___ INPUT DATA ___

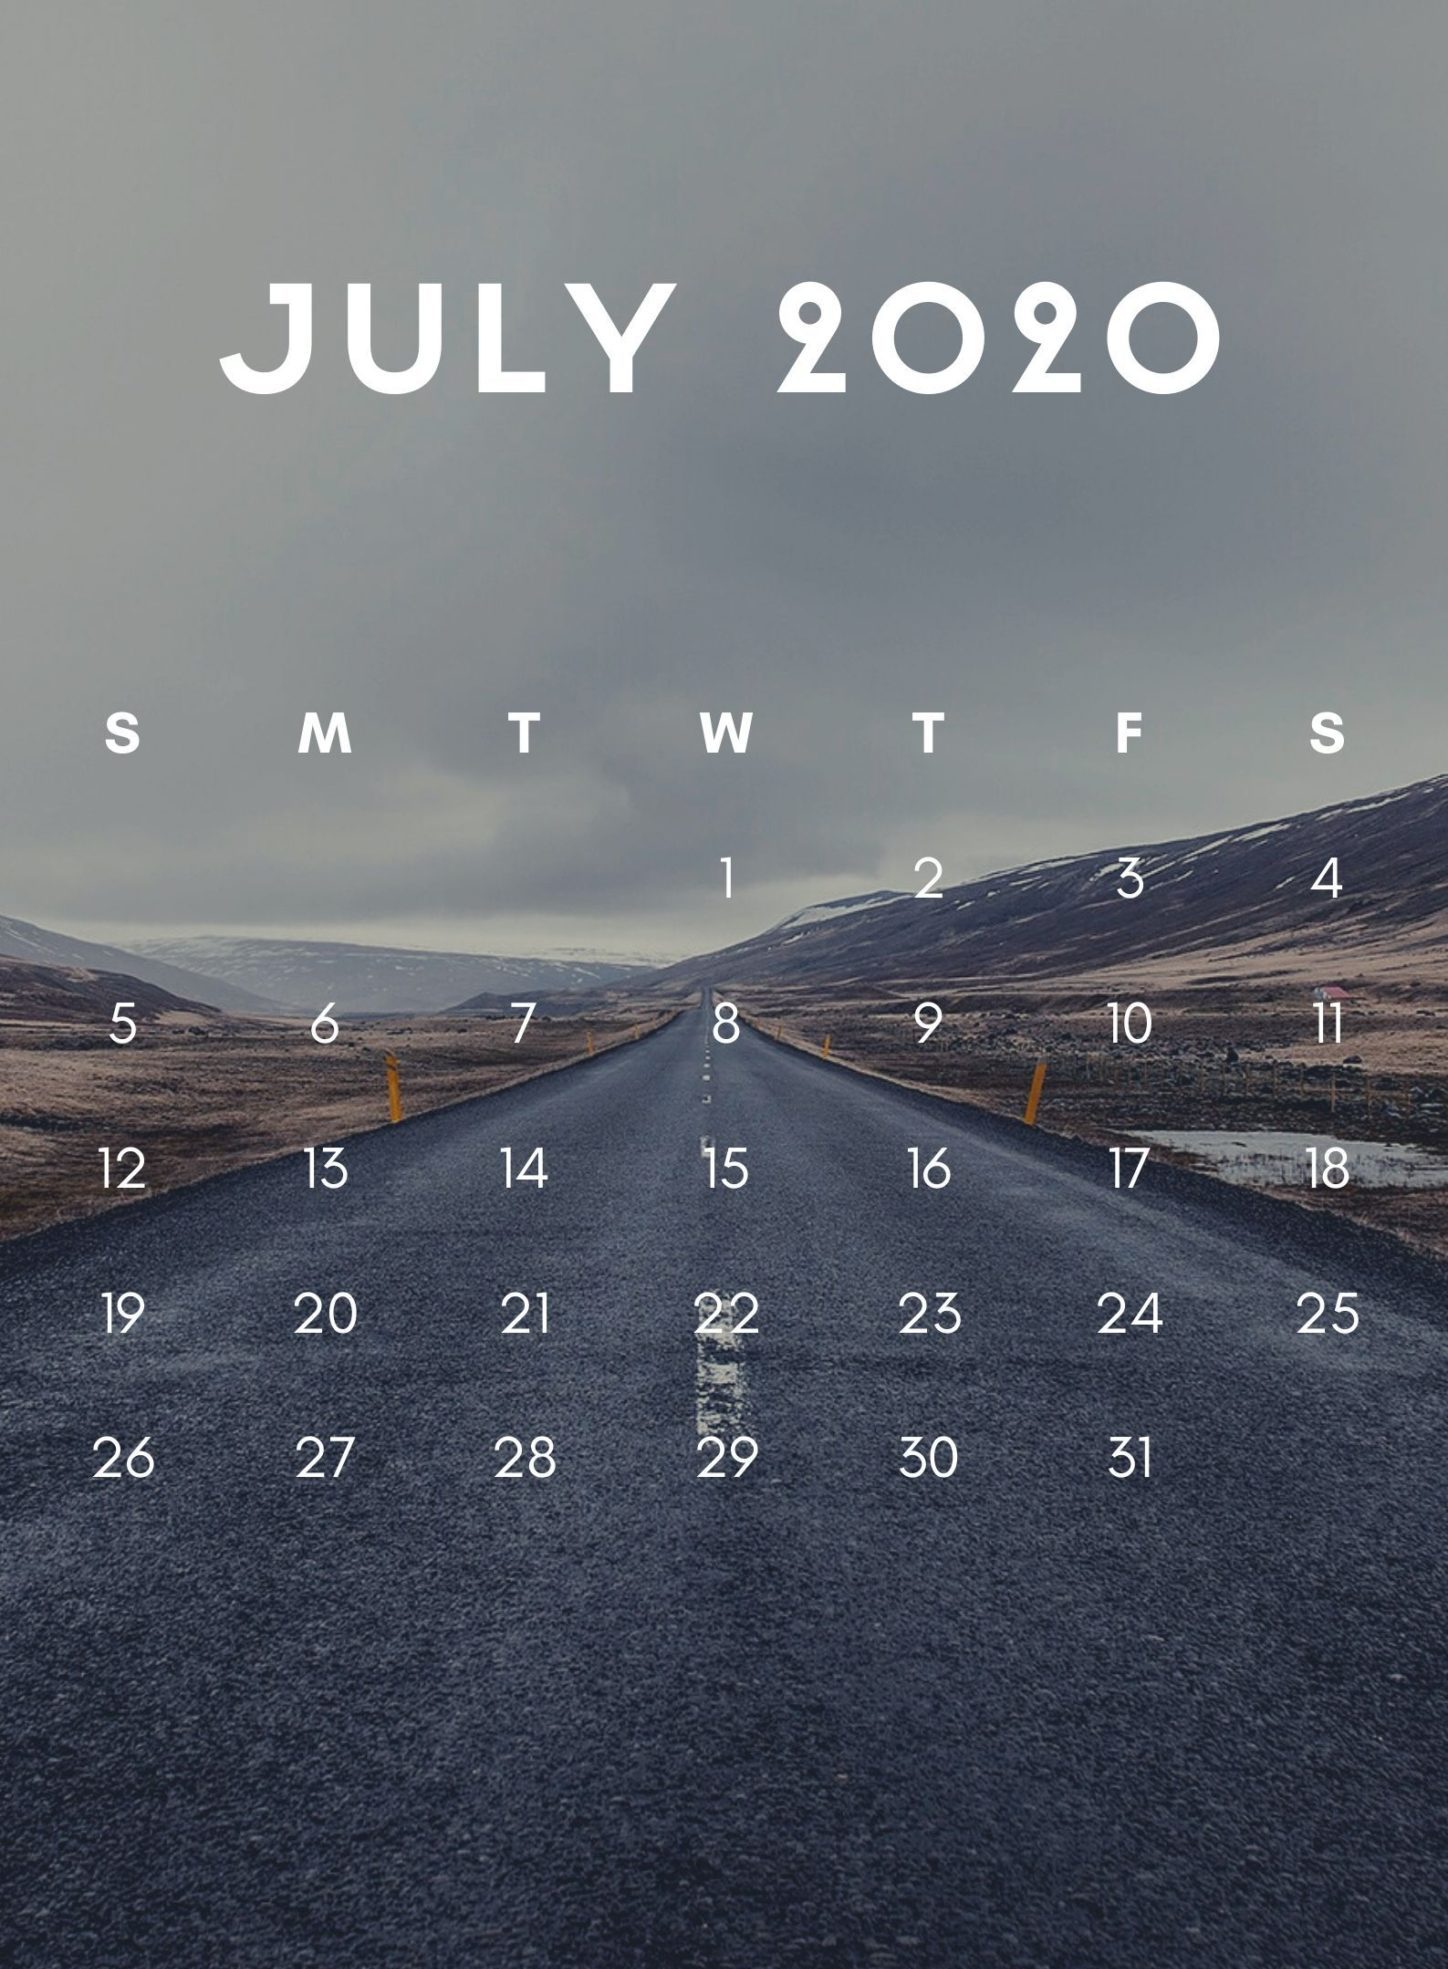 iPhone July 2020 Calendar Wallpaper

___
___ INPUT DATA ___

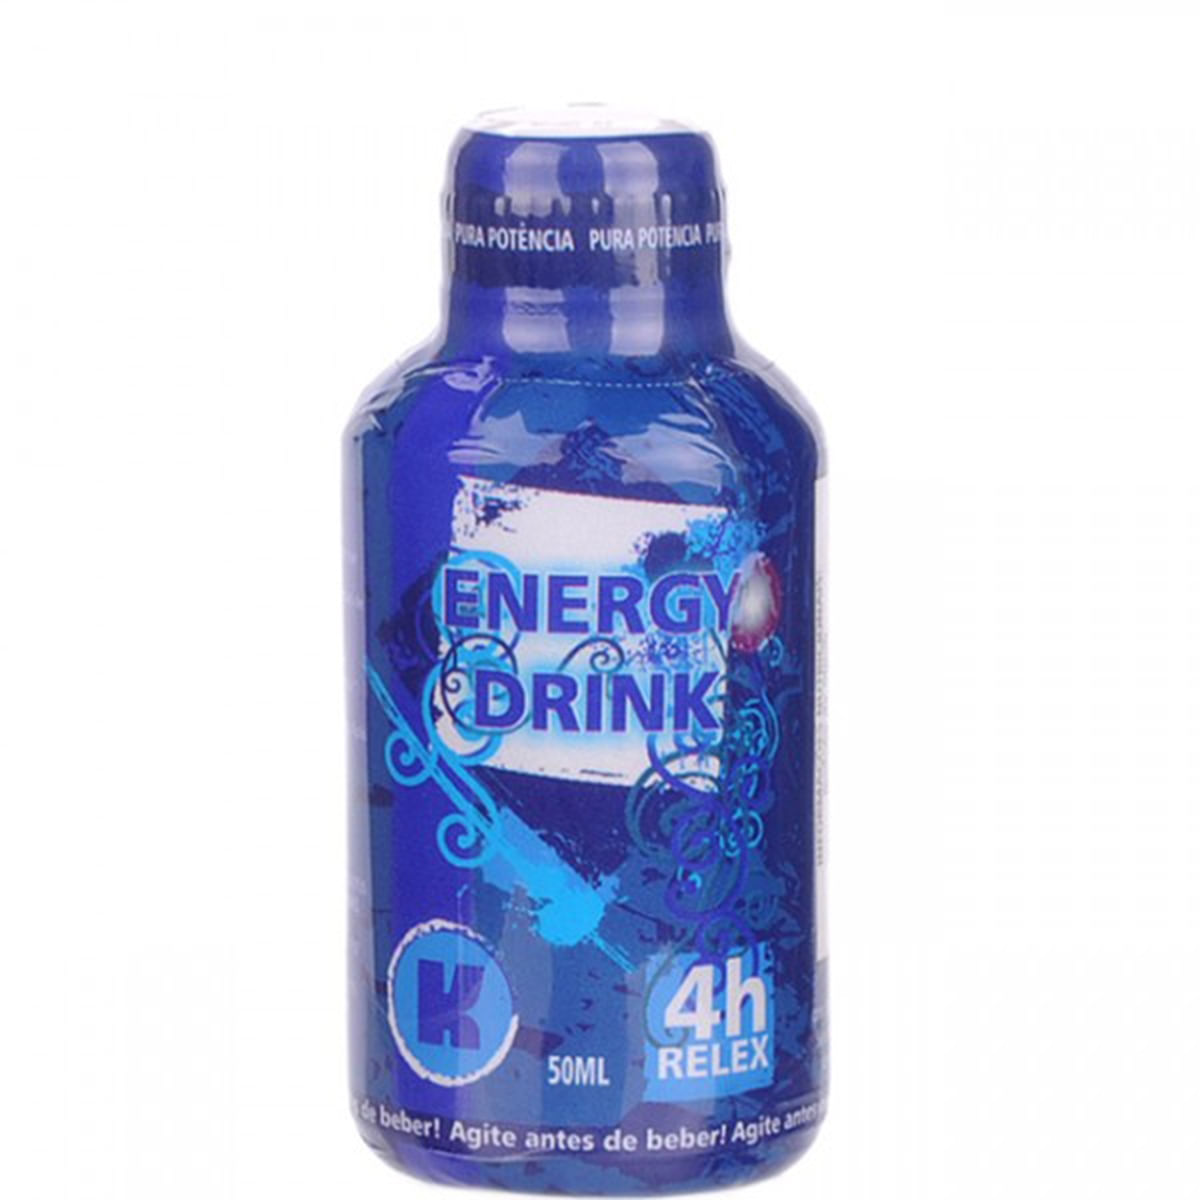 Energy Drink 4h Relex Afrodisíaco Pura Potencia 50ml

___
___ INPUT DATA ___

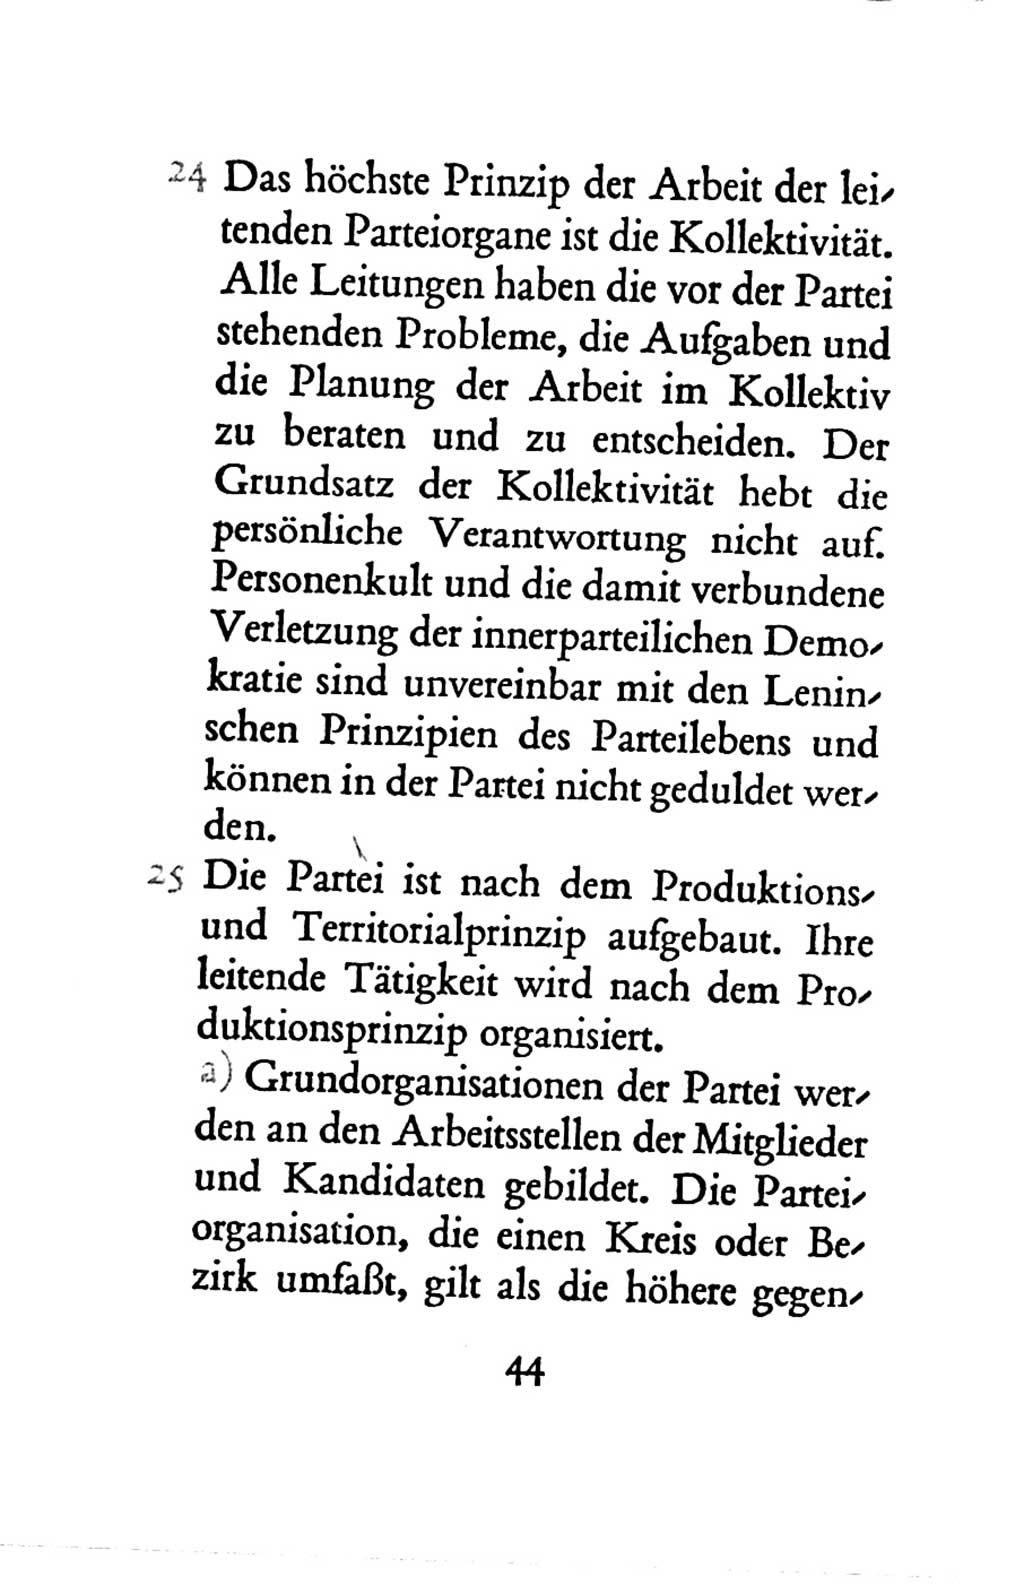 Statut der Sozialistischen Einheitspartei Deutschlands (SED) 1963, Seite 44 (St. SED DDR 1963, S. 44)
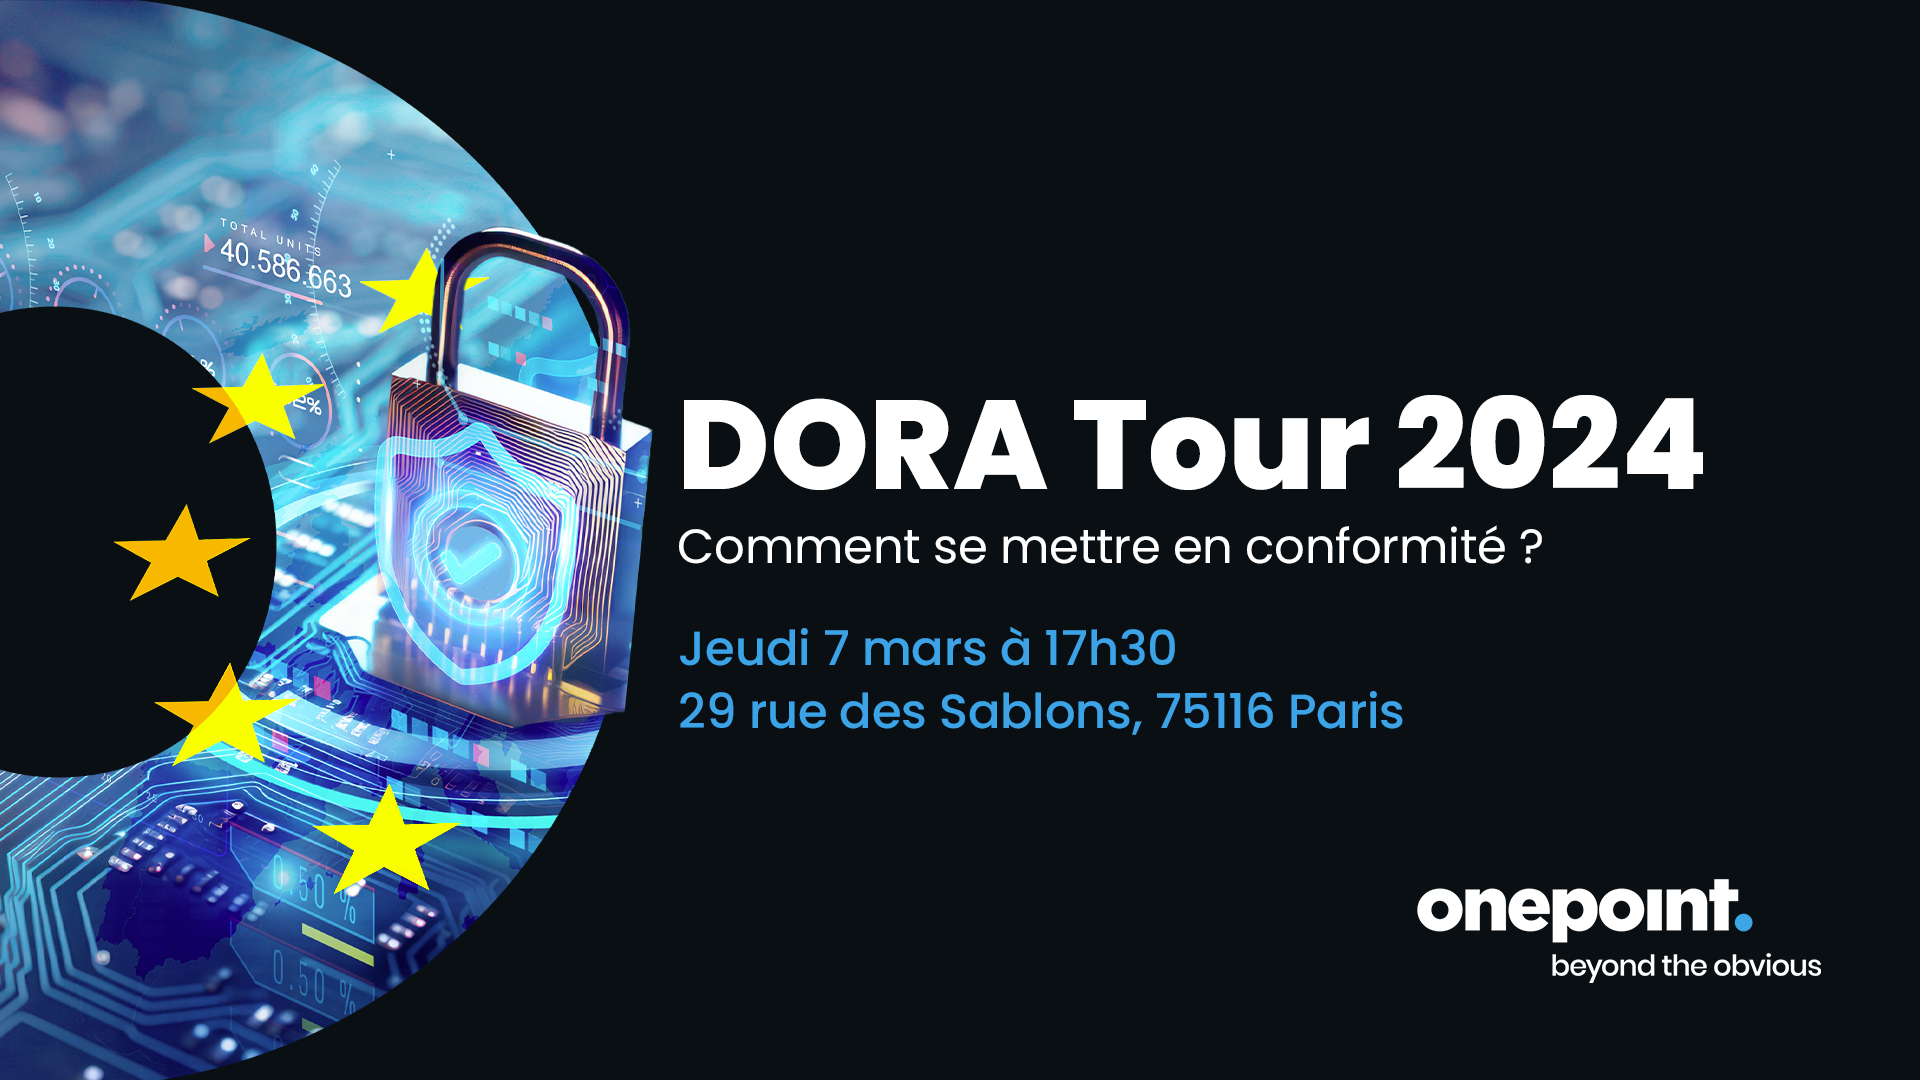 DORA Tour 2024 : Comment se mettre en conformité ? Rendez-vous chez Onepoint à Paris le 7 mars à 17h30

___

"Statut der Sozialistischen" marks the first line to copy, and "DORA Tour 2024" marks the last. Repeat that stretch above exactly, with no pictures.

*SOLUTION FOR THIS TASK:*
 Statut der Sozialistischen Einheitspartei Deutschlands (SED) 1963, Seite 44 (St. SED DDR 1963, S. 44)
 DORA Tour 2024 : Comment se mettre en conformité ? Rendez-vous chez Onepoint à Paris le 7 mars à 17h30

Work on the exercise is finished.